I can give you a basic use of a symmetrical, octatonic scale used over a harmony:

Let's say V7 of C. *G7*

Your construction of alternating semitones and tones: G Ab Bb B C# D E F

on G7, it gives you b9, #9 (A#), #11 (or b5), 13 , just by running the scale.




I wonder is it useful to think the other way round, in terms of 'symmetrical harmony'???

[KLS]

I can give you a basic use of a symmetrical, octatonic scale used over a harmony:

Let's say V7 of C. *G7*

Your construction of alternating semitones and tones: G Ab Bb B C# D E F

on G7, it gives you b9, #9 (A#), #11 (or b5), 13 , just by running the scale.

So then, what you're saying is that this scale can be used in an improvisation over the G7 chord, the Ab, Bb, and C# giving you alternative tones from the modal scale?

[jopy]

So then, what you're saying is that this scale can be used in an improvisation over the G7 chord, the Ab, Bb, and C# giving you alternative tones from the modal scale?

The symmetrical scales have another function that jancivil alluded to earlier. The scale she described in alternating half and whole steps (Russell calls these auxiliary diminished and auxiliary diminished blues) implies several different keys.

Building from G you get:
G Ab Bb B C# D E F
Building from Bb you get:
Bb B C# D E F G Ab
Building from C# you get:
C# D E F G Ab Bb B
Building from E you get:
E F G Ab Bb B C# D

You'll obviously notice that these are all identical. And they all have multiple leading tones. This scale could resolve to the key of C, Eb, Gb, or A, and the longer you play it, the more it sounds like it could go anywhere or nowhere. You can actually substitute any of the altered 7 chords you can make from G, Bb, C#, or E for one another, or use the diminished scale you'd build off Ab, B, D, or F. So you get new notes, but you also get a feel that's not at all like a horizontal mode or scale.

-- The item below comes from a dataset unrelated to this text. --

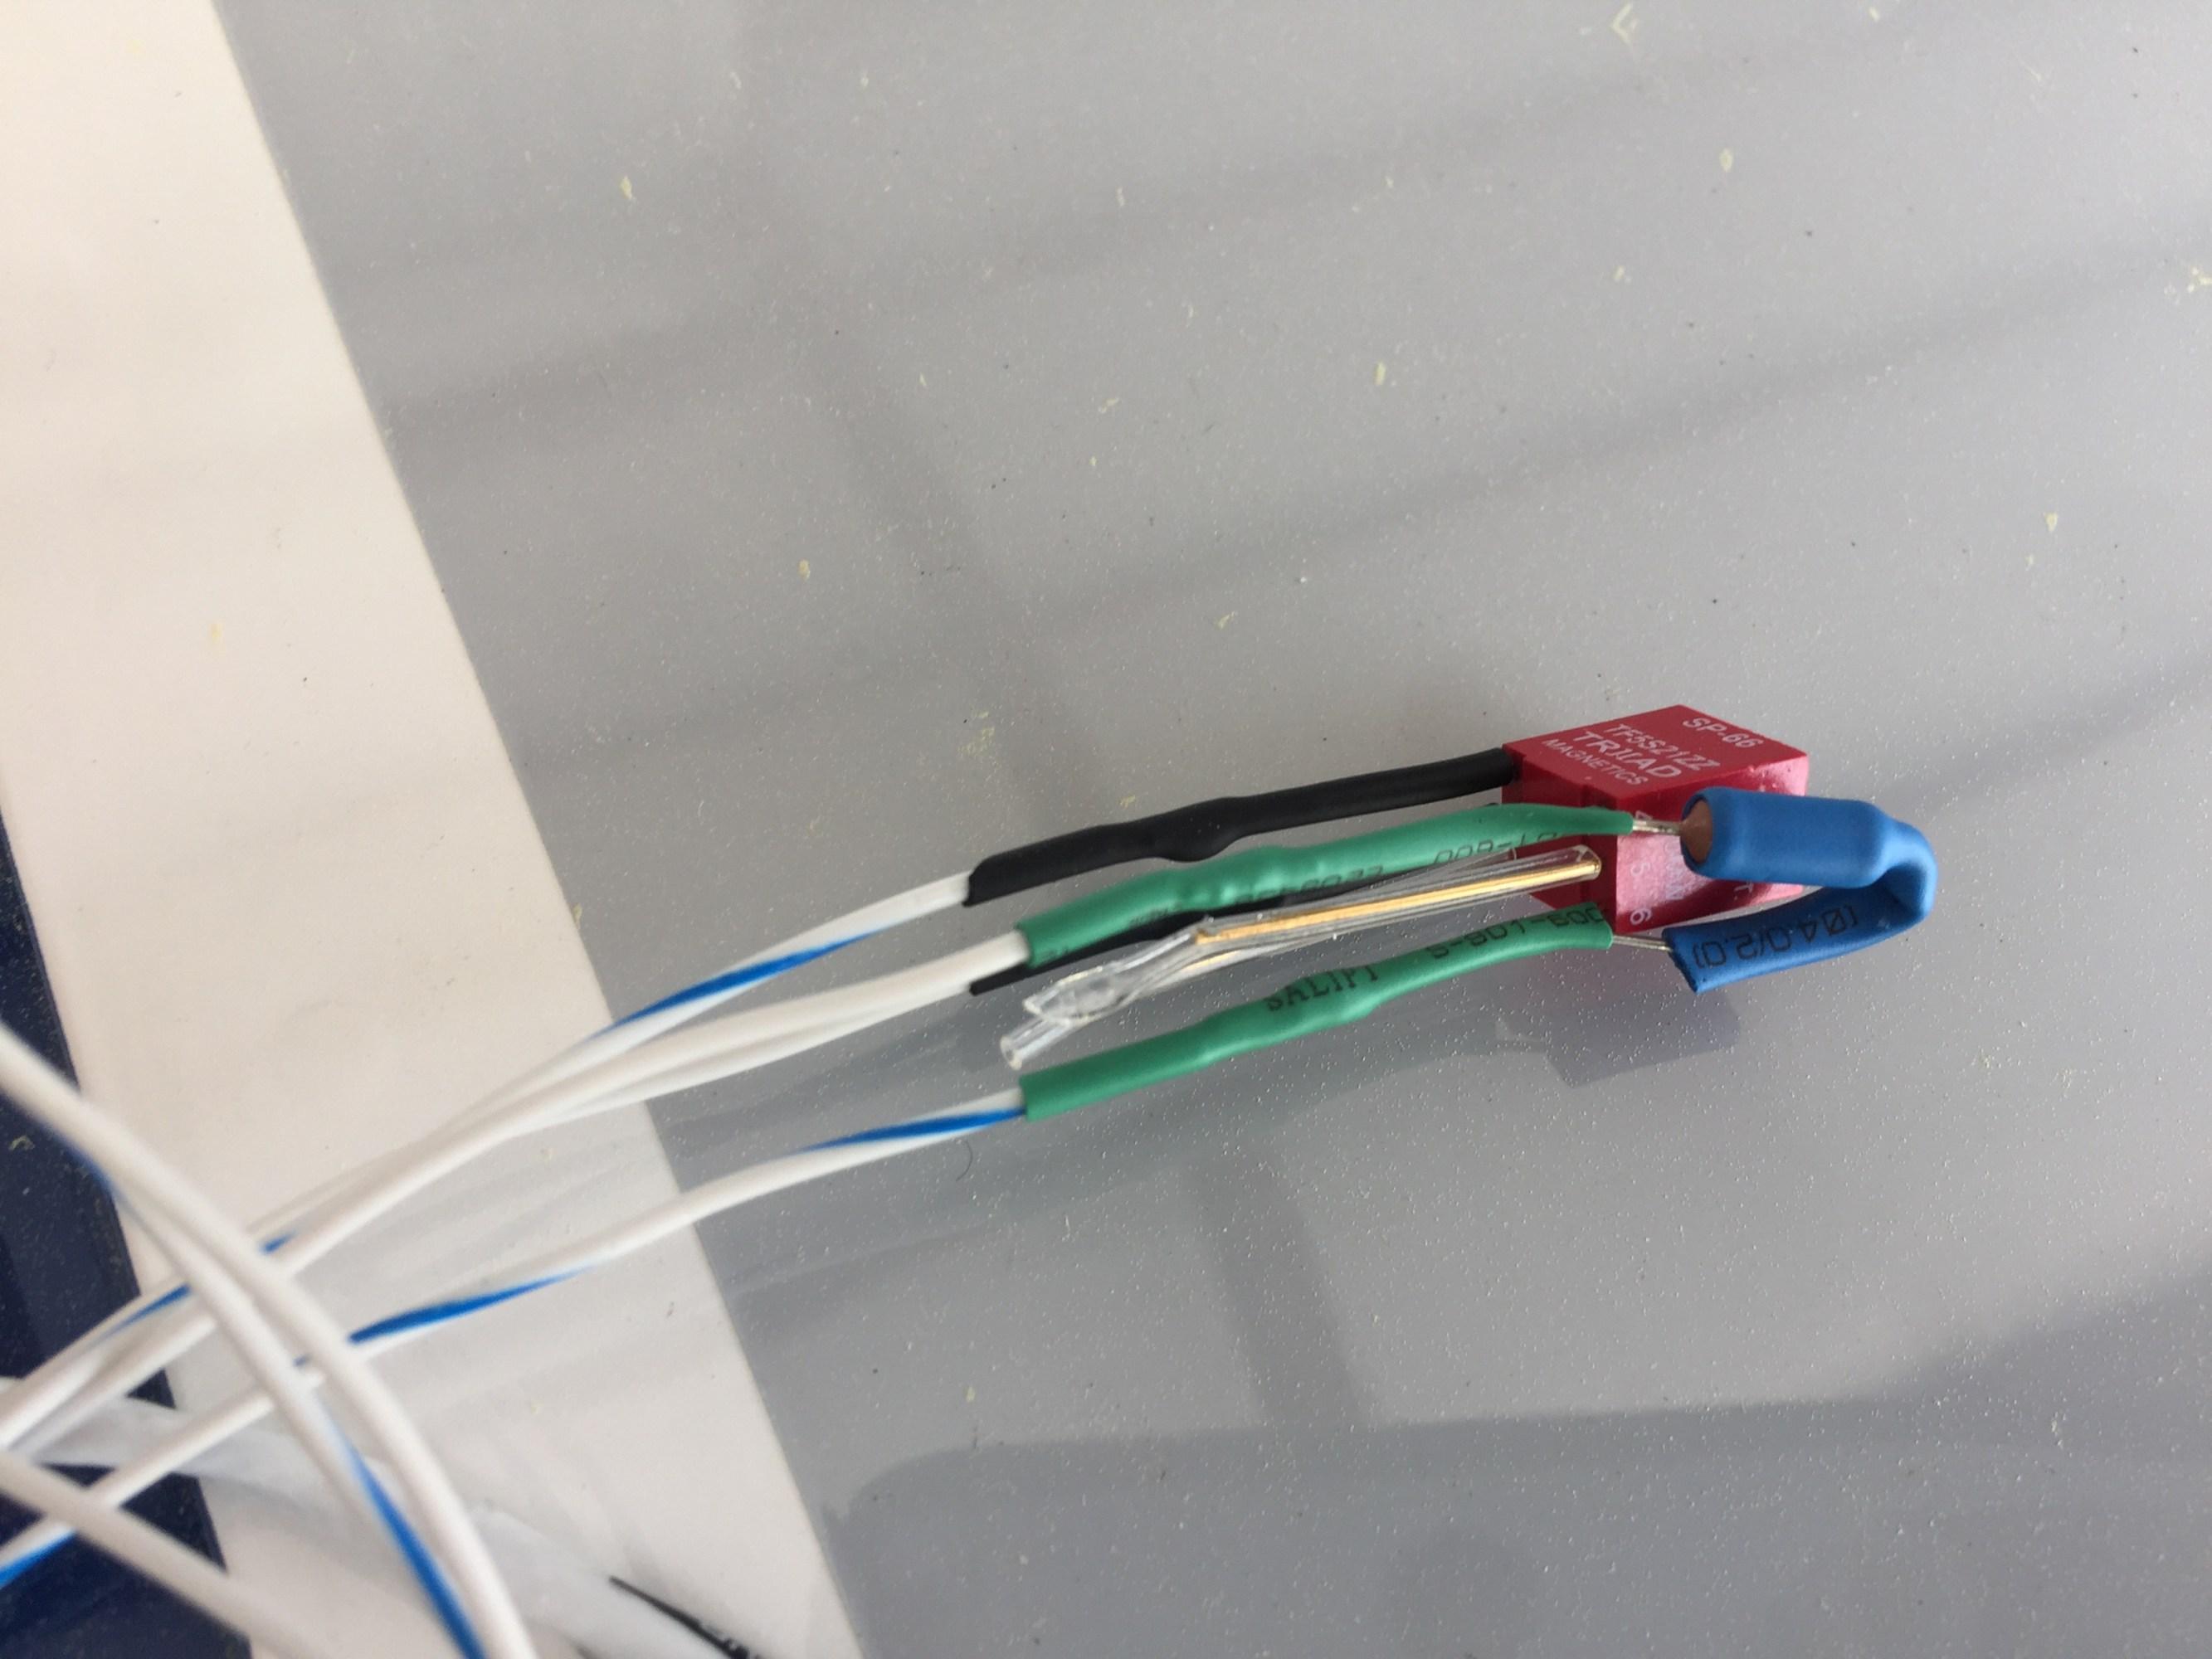 hight resolution of garmin g5 wiring harness ngs wiring diagram jensen radio wiring harness garmin wiring harness

The whole tone or augmented scales (G A B Db Eb F or C D E Gb Ab Bb) have the same effect but even more so because there's no leading tones at all.

[jancivil]

I can give you a basic use of a symmetrical, octatonic scale used over a harmony:

Let's say V7 of C. *G7*

Your construction of alternating semitones and tones: G Ab Bb B C# D E F

on G7, it gives you b9, #9 (A#), #11 (or b5), 13 , just by running the scale.

So then, what you're saying is that this scale can be used in an improvisation over the G7 chord, the Ab, Bb, and C# giving you alternative tones from the modal scale?

Yes, and the E here is your 13th. (note that these tones can be a substitute for G7. a Bb-7 b5.)

so, it's a lot of color, over the putative function.
being a 'diminished' object - NB: every other note forms a diminished 7 arpeggio - it does the thing that jmeier explicated. It's symmetrical, it isn't limited to a static function.

It' a good trick for opening up the harmony, as if it's demolishing the expectation of tonality.

another good one is a lydian with a flat 7, another set of colors:

Say *G7* again: G A B C# D E F.

Treat it like you construct modes from major: these 7 tones, from A-G, B-A, C#-B, D-C# etc.
This set starting on D, is the same as the construction known as 'rising melodic minor'.

which is another thing used an awful lot in modern jazz, 'modalizing' a construction with a lot of 'outside' implications. particularly this one, you hear it a lot.

[memyselfandus]

This stuff fascinates me. Very interesting

[KLS]

Wow! Thanks, guys! Ya know, you're giving me a whole lesson here. Very cool stuff! Much appreciated.

- Ken